What is expected: Each line below from the "La araña lobo: su" line through the "Louis Fusco Landscape Architects on" line, those two included, must be restated word for word; the pictures must not be.

Data under study:
--------
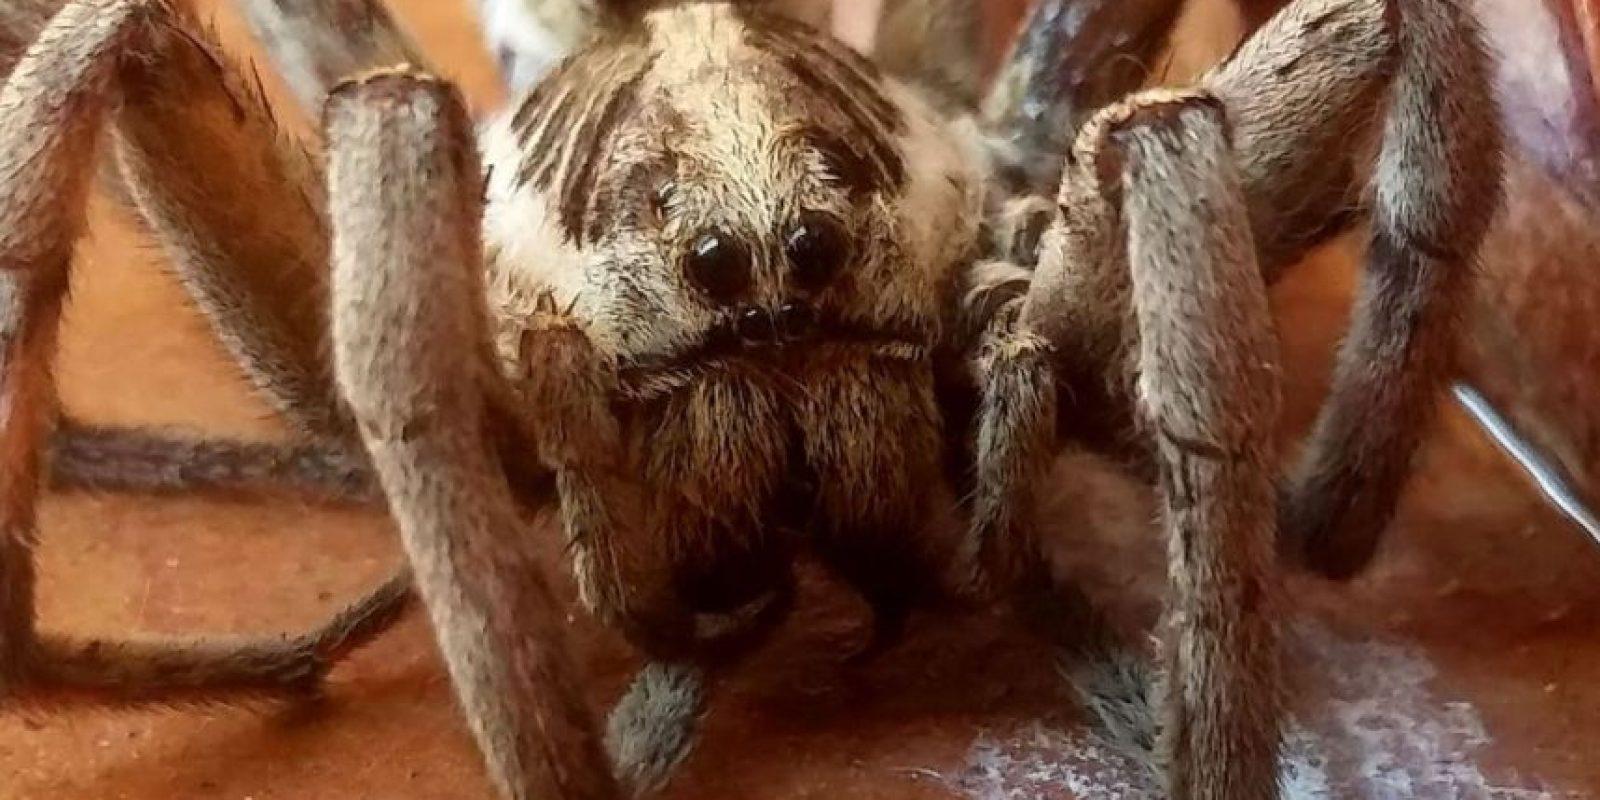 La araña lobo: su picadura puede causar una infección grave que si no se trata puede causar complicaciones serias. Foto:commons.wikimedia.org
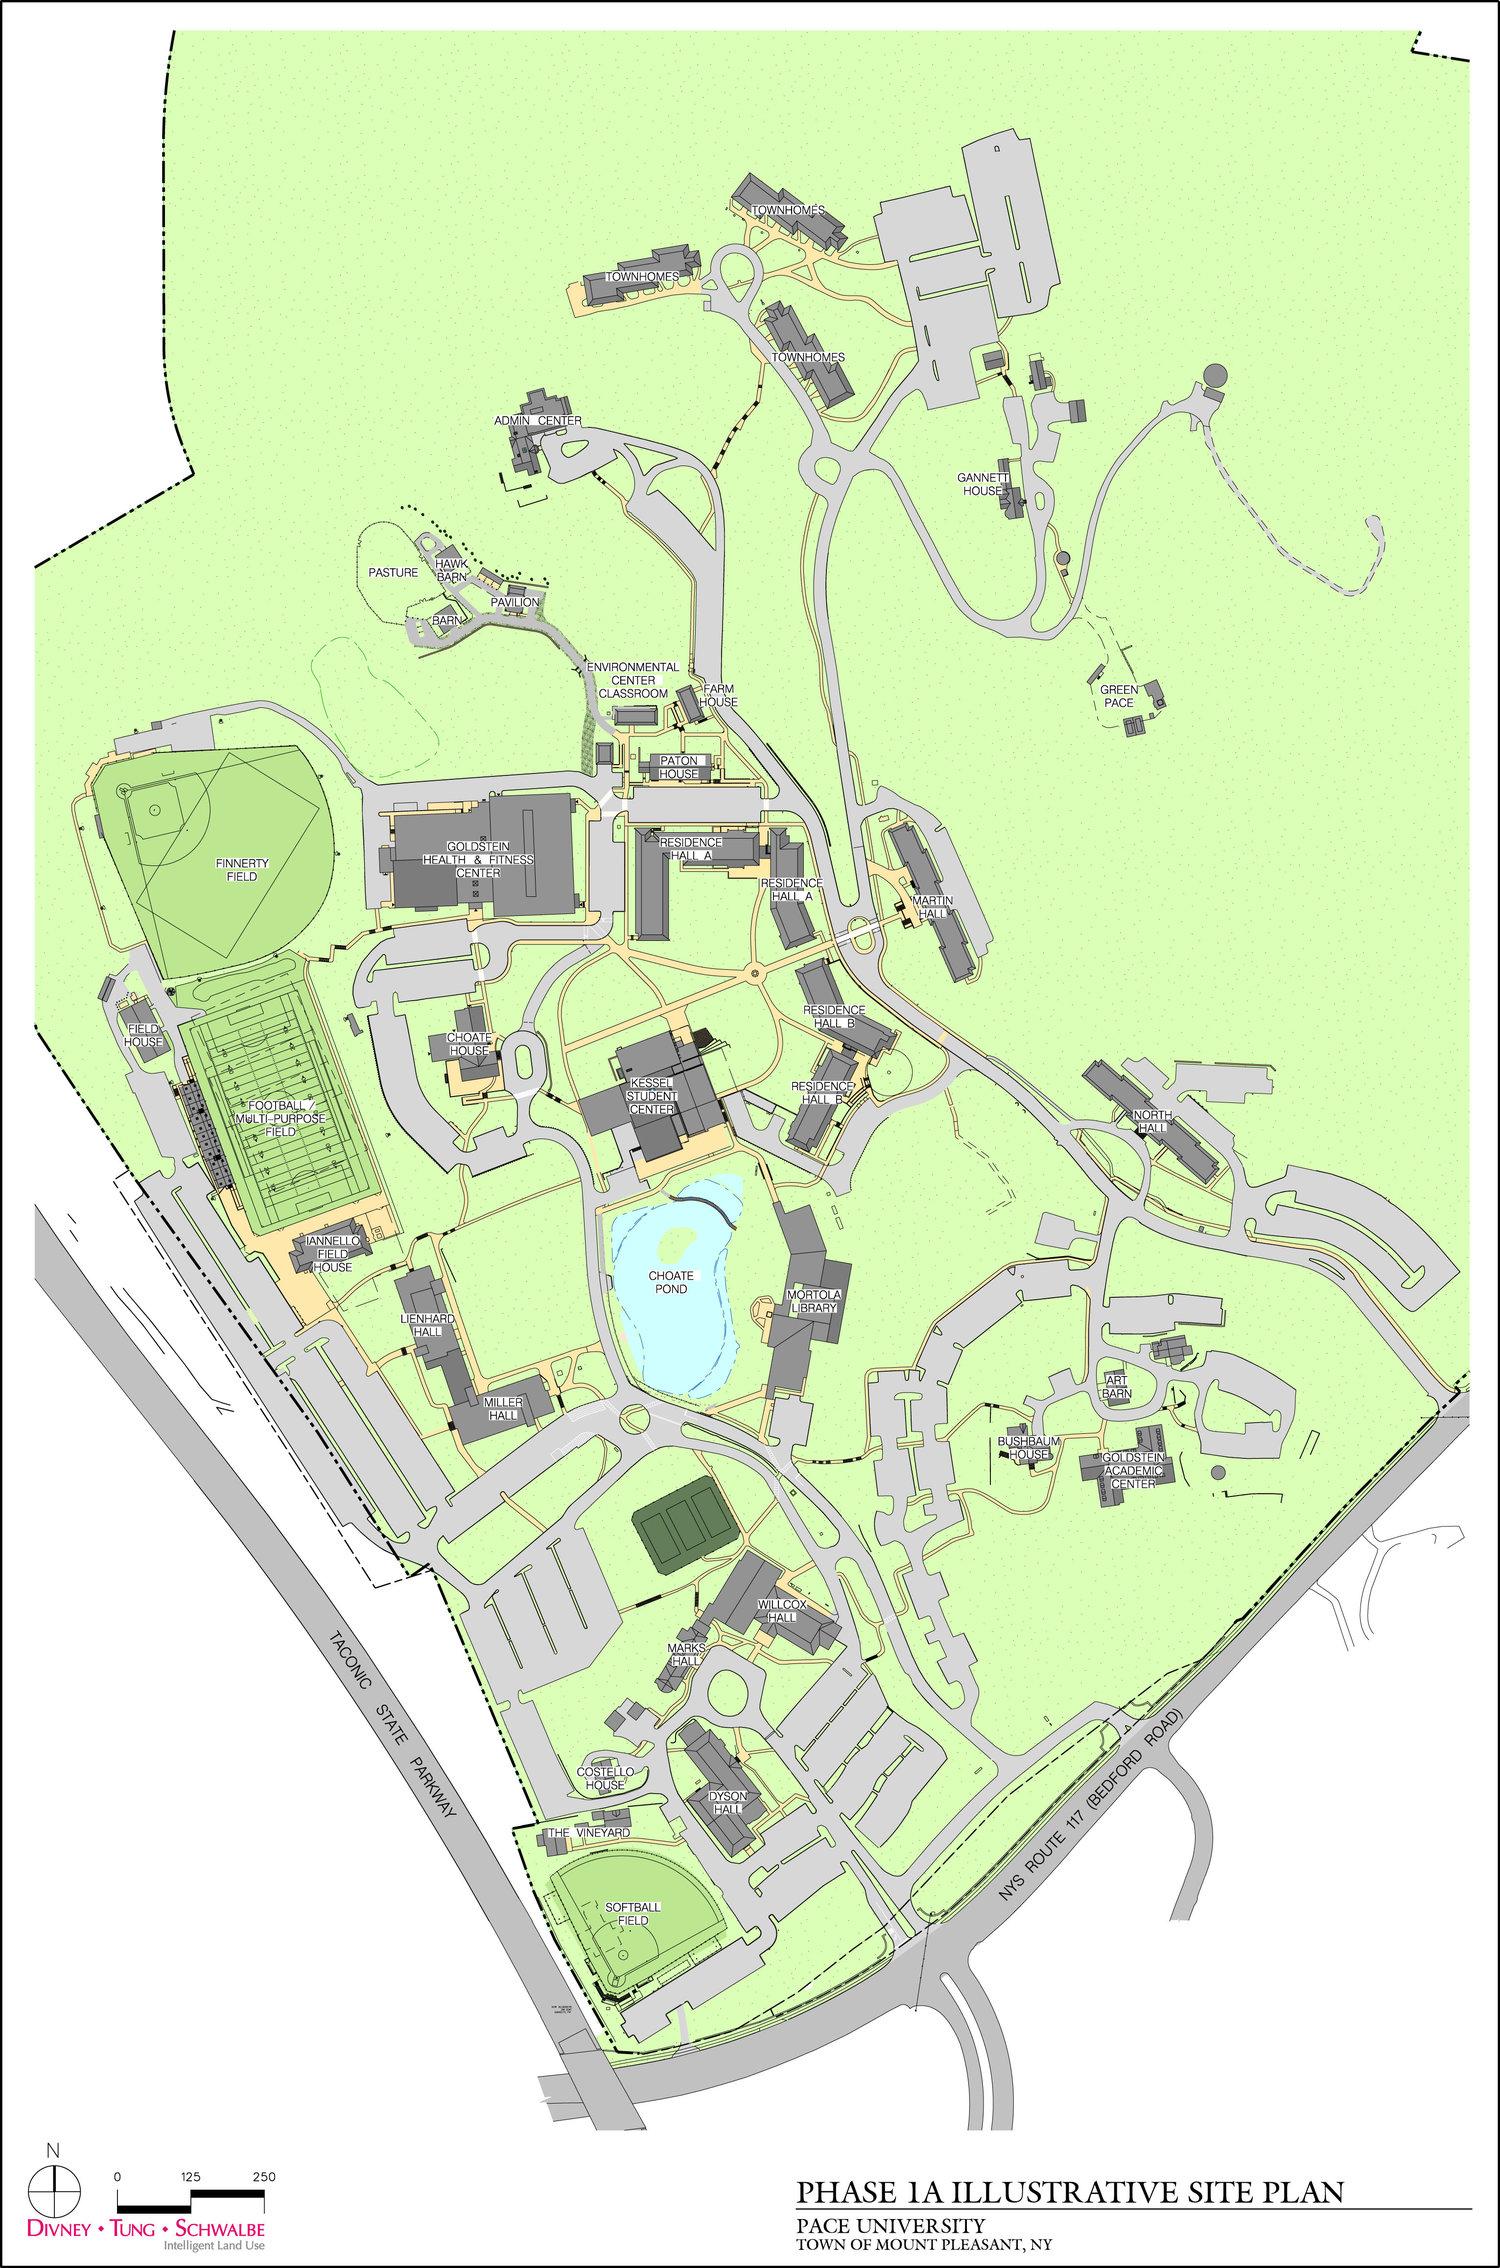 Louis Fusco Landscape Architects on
--------
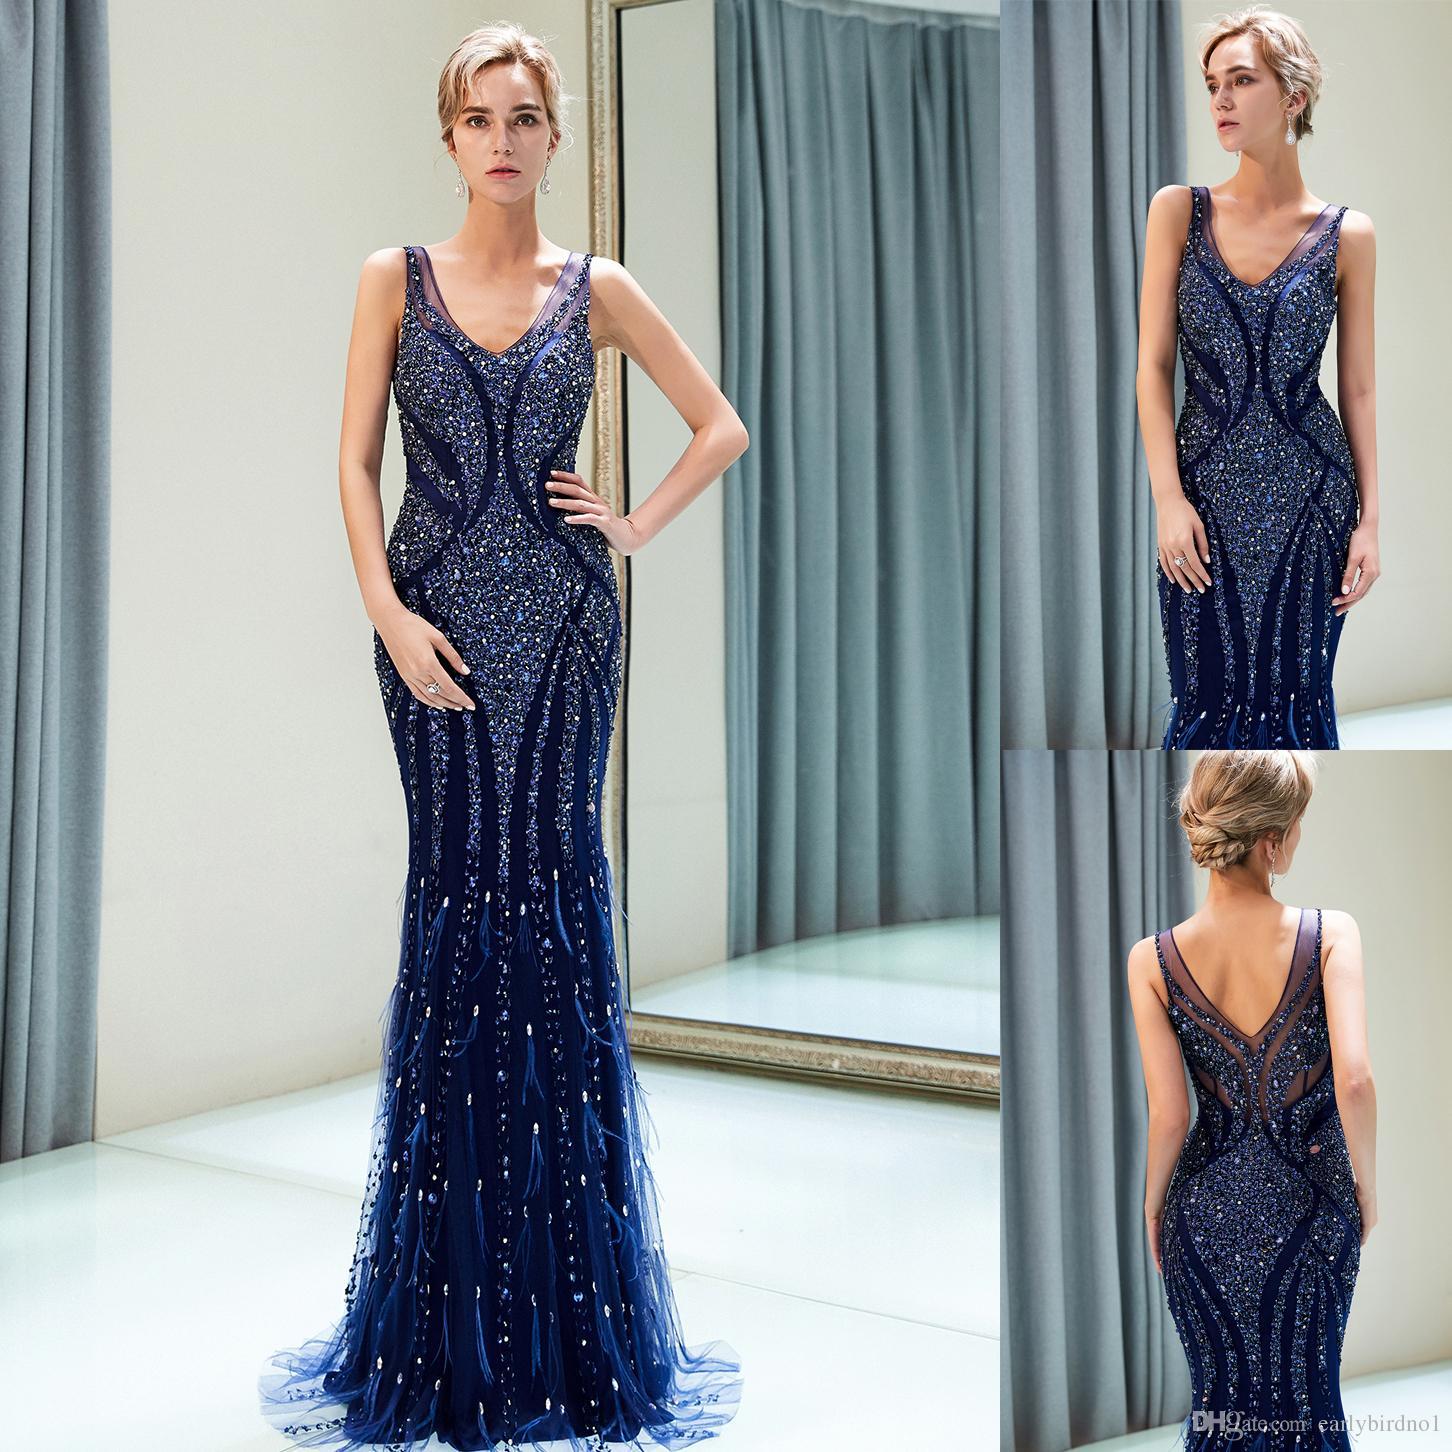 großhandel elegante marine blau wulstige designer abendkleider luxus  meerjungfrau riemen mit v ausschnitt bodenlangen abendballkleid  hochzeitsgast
--------
Solved exercise:
 La araña lobo: su picadura puede causar una infección grave que si no se trata puede causar complicaciones serias. Foto:commons.wikimedia.org
 Louis Fusco Landscape Architects on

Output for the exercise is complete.